Provider Relationship Manager - Dallas

Harbor Health Services

Dallas, TX

JOB DETAILS
SKILLS
Best Practices, Billing, Claims Processing, Communication Skills, Competitive Analysis/Strategy, Conflict Resolution, Corrective Action, Cross-Functional, Customer Experience, Documentation, Health Plan, Healthcare, Identify Issues, Leadership, Literacy, Market Trend Analysis, Metrics, Network Administration/Management, Network Performance/Analysis, Onboarding, Operational Improvement, Operations Planning, Organizational Skills, Performance Analysis, Performance Management, Performance Metrics, Problem Solving Skills, Provider Contracting, Provider Relations, Quality Metrics, Reimbursement, Relationship Management, Reporting Dashboards, Risk Management, Sales Management, Startup, Team Player, Time Management, Utilization Management, Willing to Travel
LOCATION
Dallas, TX
POSTED
Today

Provider Relationship Manager - Dallas

Regional Health Plan | Provider Relations | Network Operations

COMPANY OVERVIEW

At Harbor Health, we're transforming healthcare in Texas through collaboration and innovation. We're seeking passionate individuals to help us create amember-centered experience that connects comprehensive care with a modern payment model. If you're ready to make a meaningful impact in a dynamic environment where your contributions are valued, please bring your talents to our team!

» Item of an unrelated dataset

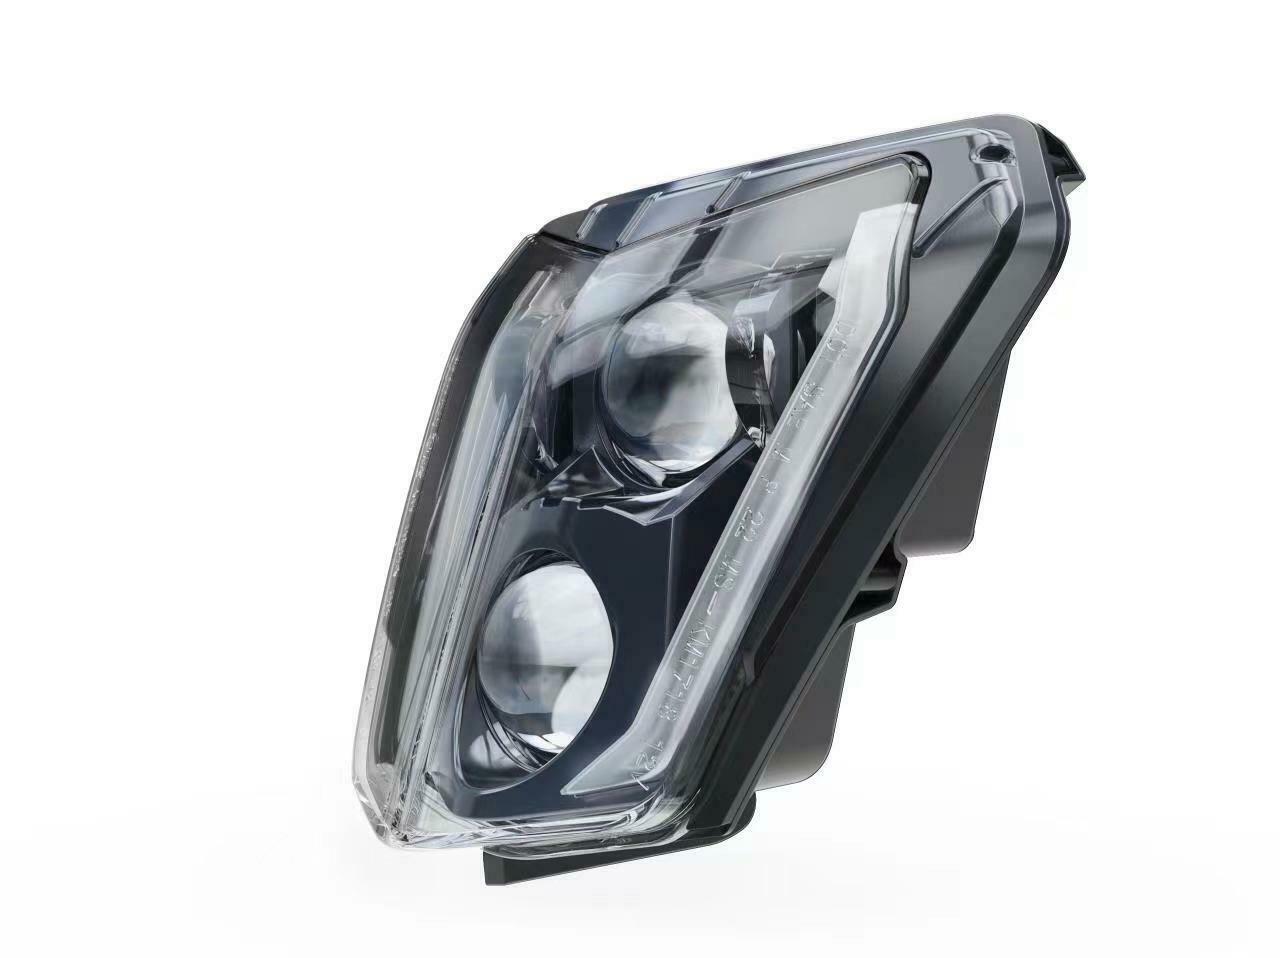 LED Headlight For KTM Duke 690,Duke 690R 2012 2013 2014 2015 2016

POSITION DUTIES & RESPONSIBILITIES

The Provider Relationship Manager serves as the “boots on the ground” representative of the health plan for all in-network provider groups across the region. This role is responsible for ensuring an exceptional member experience by building strong provider relationships, resolving operational issues, improving network performance, and aligning provider groups with the health plan's strategic objectives.

The Provider Relationship Manager acts as the primary point of contact for in-network practices and works cross-functionally with contracting, claims, credentialing, care management, and member services to proactively remove friction and drive measurable network performance improvements.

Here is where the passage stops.